A spoon in the microwave: Dangerous or not?

There are many rumors surrounding the question of what happens with a spoon in the microwave. Mostly it's about whether a cup or a soup bowl with a spoon inside it can be placed in the microwave. Physically, it explains relatively simply what is triggered by the spoon and what is not.

Metal only specifically in the microwave

When using a microwave, the tendency should be kept not to set all metallic as possible. This applies to both dishes and metal cups as well as cutlery. Metal always reacts to the radiation and in the worst case can be disturbing or even risky.

In the basic principle, the electromagnetic pulses in the microwave cause molecules to vibrate. All liquid constituents of a food and a drink, in particular the water contained, heat up. Metallic objects also heat up in a lesser but more consistent way through molecular motion and, in addition, through derivative function.

Heat distribution and discharge fountains

The classic example of cutlery in the microwave is the teaspoon in the beverage cup. It helps prevent a physical effect that carries the risk of burns. After the heating process, it is possible that when removing the cup hot and splashing fountains arise. A spoon prevents this compensation of uneven heating.

The set or inserted in the cup or bowl spoons takes over the simplified function of a heat spreader and heating distributor. During the process, it heats up more than the liquid that surrounds it. Therefore, care should be taken when removing. The splashing fountains, physically referred to as bumping, are prevented.

Electromagnetic properties and effects

In addition to molecular motion, the microwave also generates so-called electrical eddy currents. They generate flowing voltage, which not only has a heating effect, but can also lead to specific sparking.

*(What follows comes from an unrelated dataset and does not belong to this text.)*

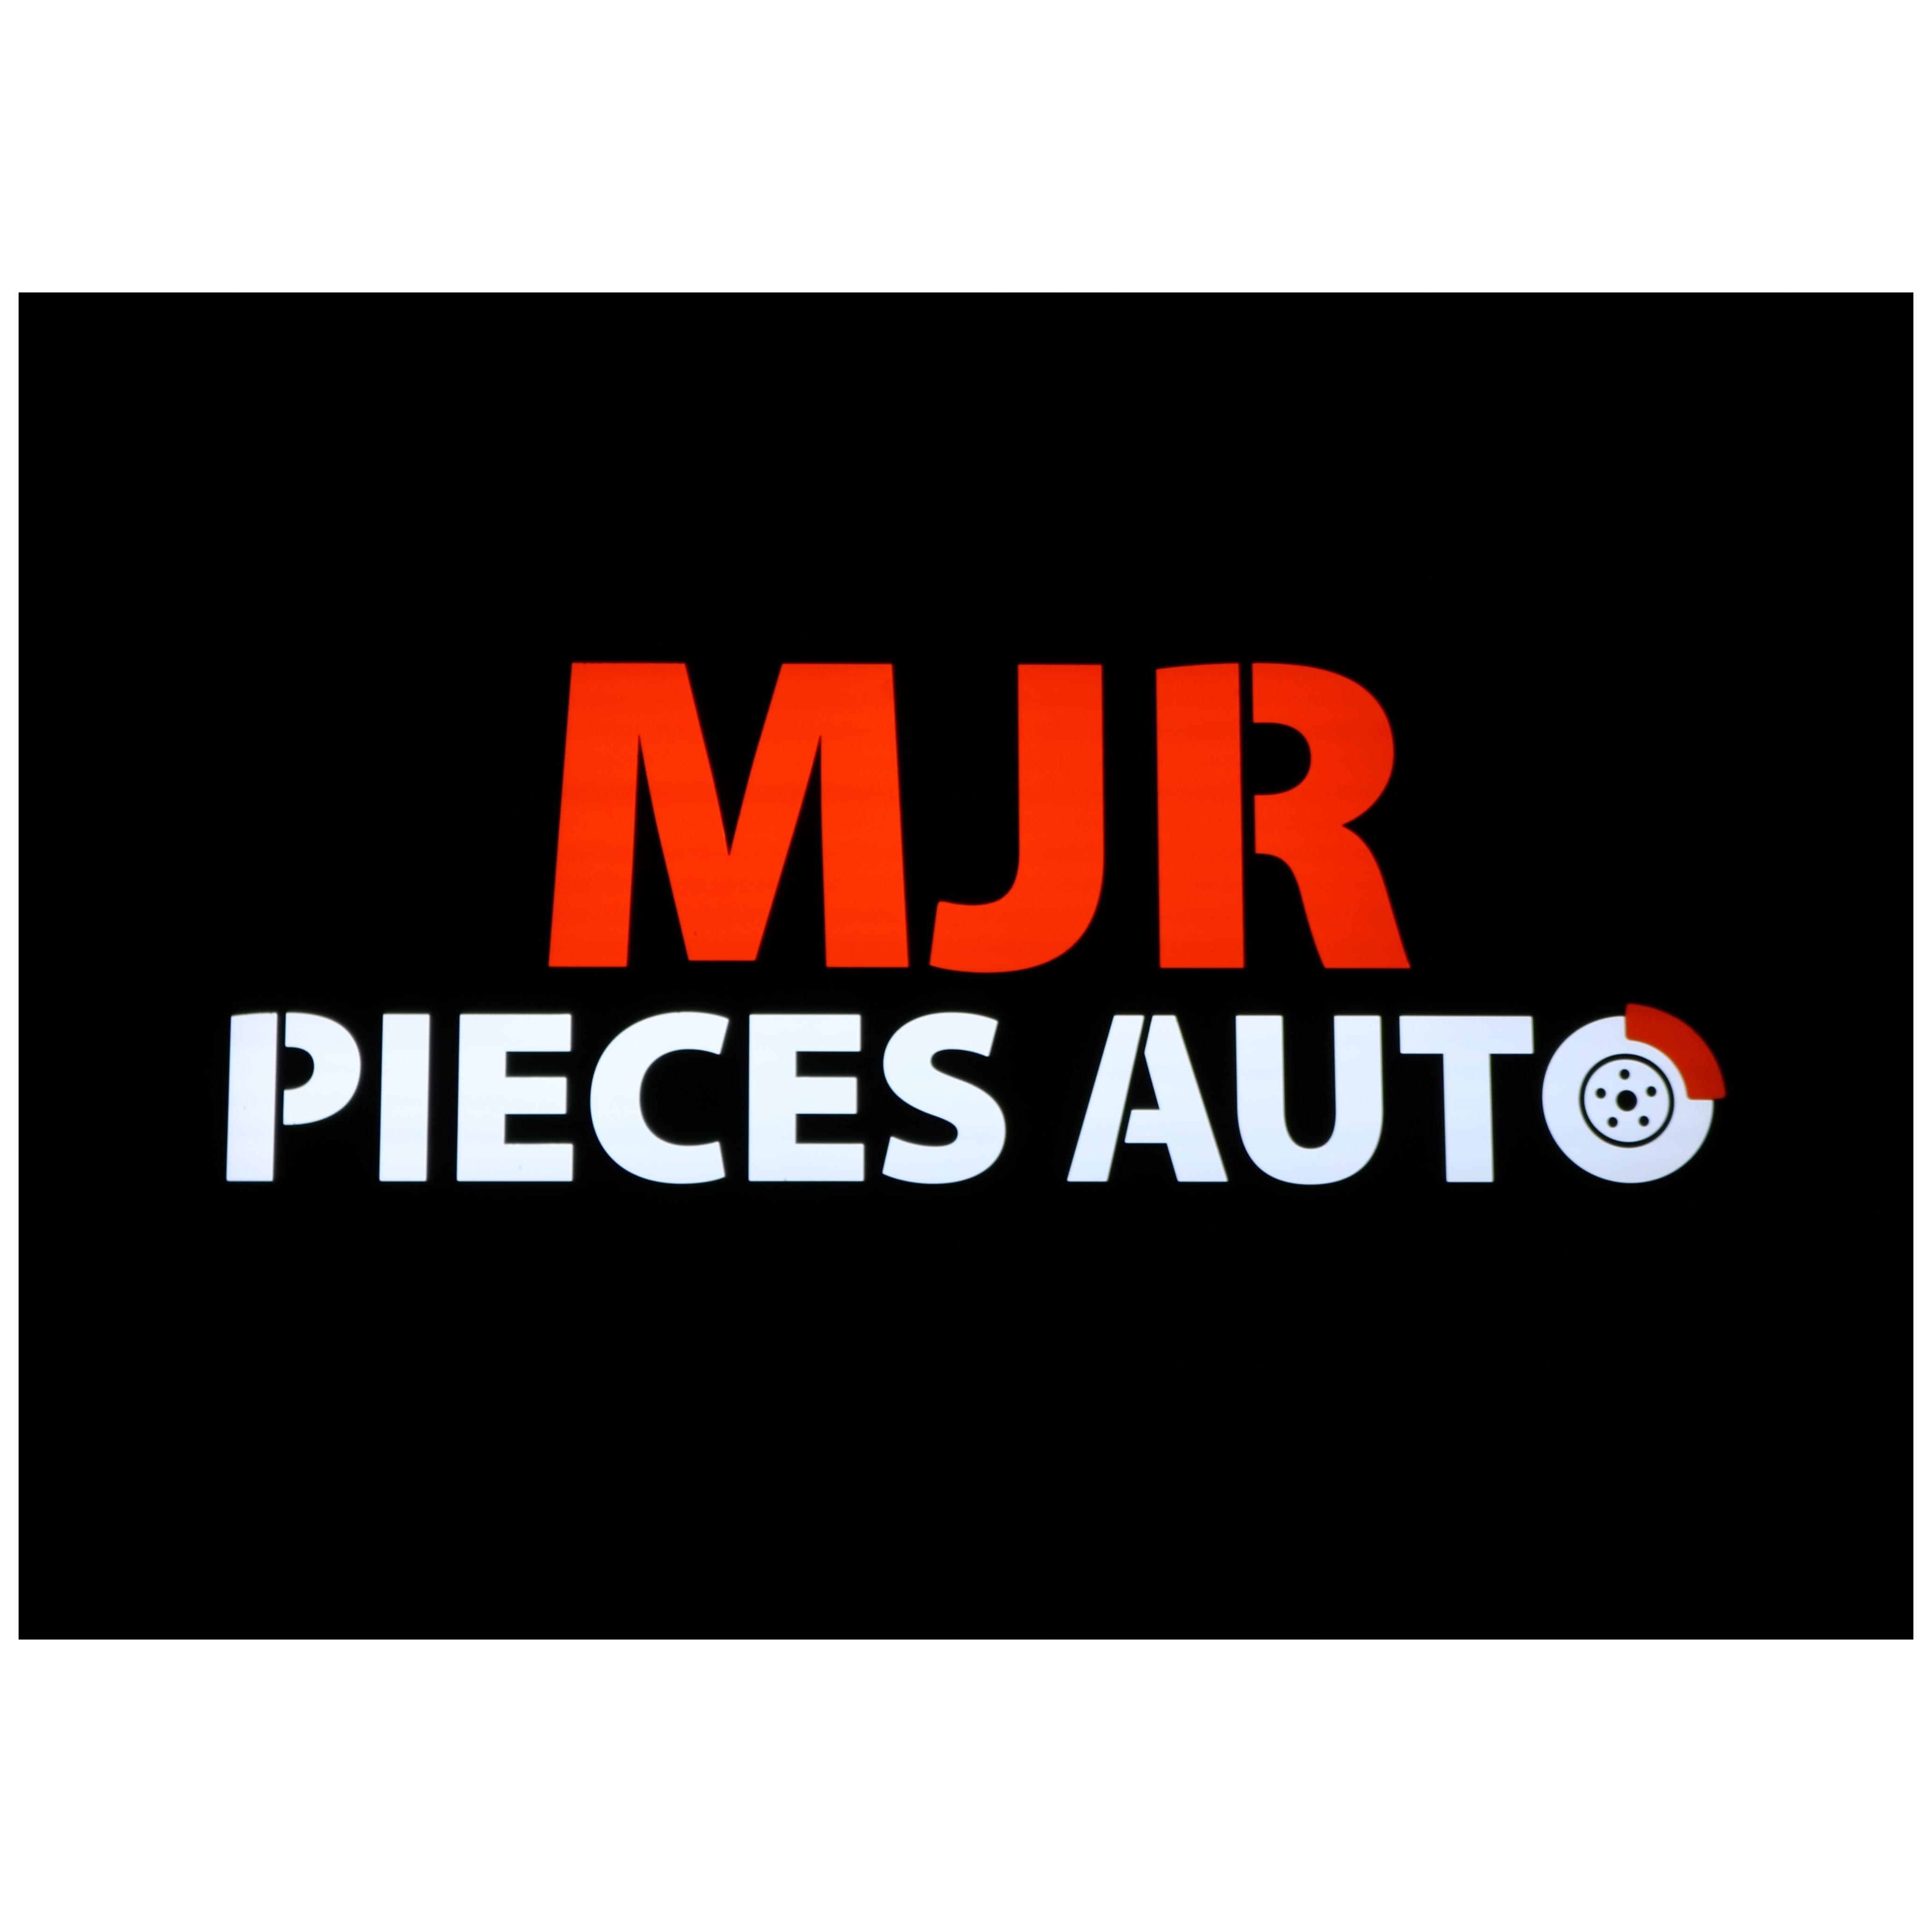 Mjr Pieces Auto
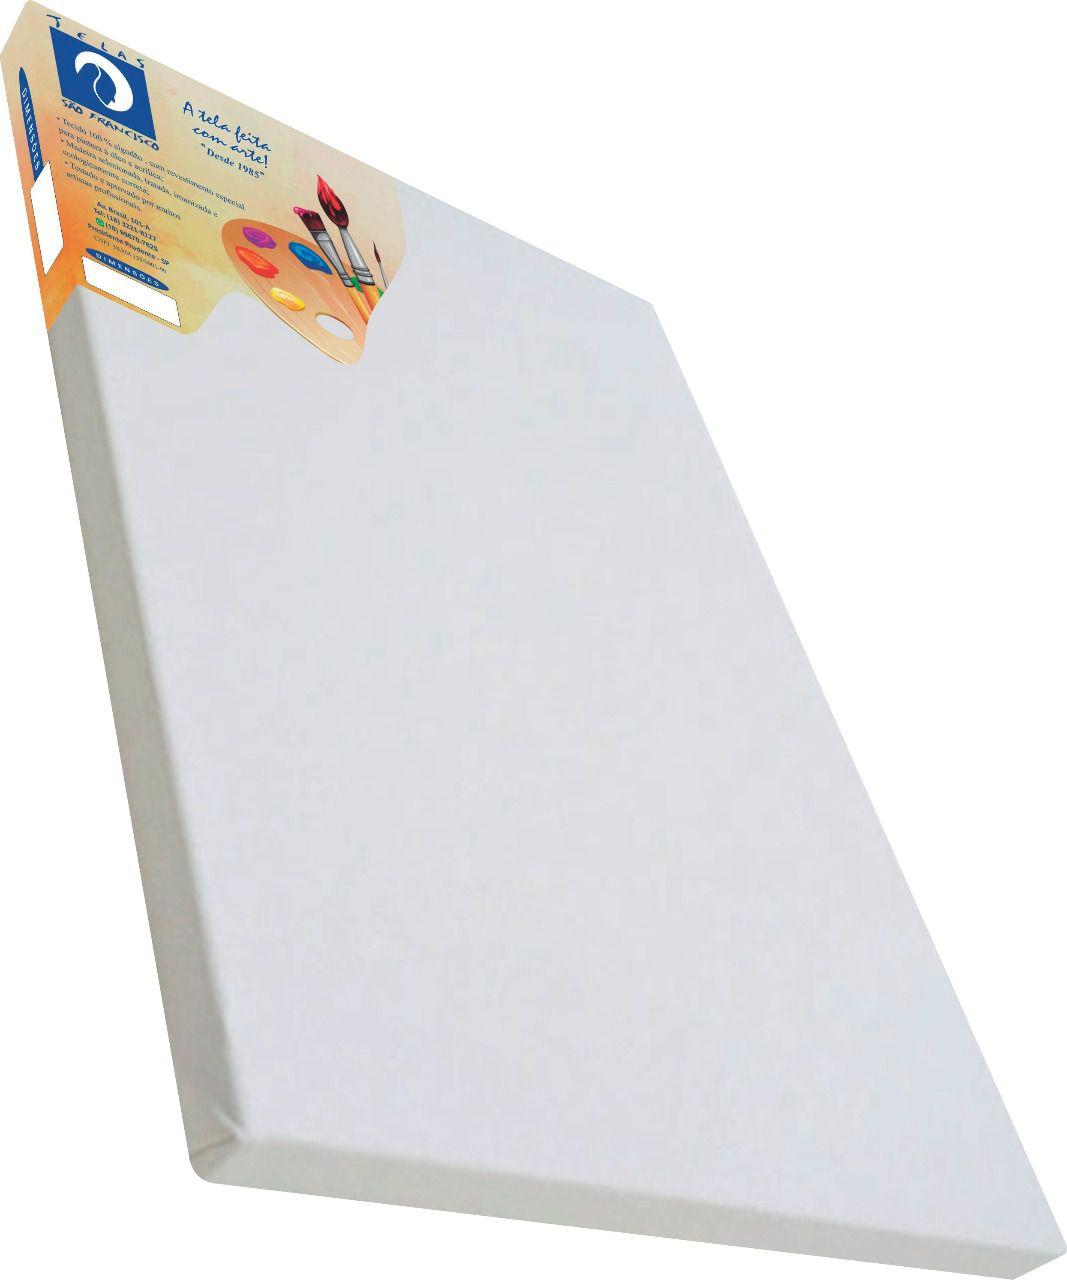 Tela comum para pintura 30x30cm - São Francisco

If two metallic materials are only a few centimeters apart, these sparks can roll over. This also applies to the distance between the interior wall of the microwave and the cutlery. Flashovers cause fire and cocaine.

Tips & Tricks

Always keep the maximum distance between the cutlery and the housing. Unlike a "blunt" spoon, sparking increases when metals with sharp shapes such as forks or knives are in the microwave.

Video Board: What happens to METAL in a MICROWAVE?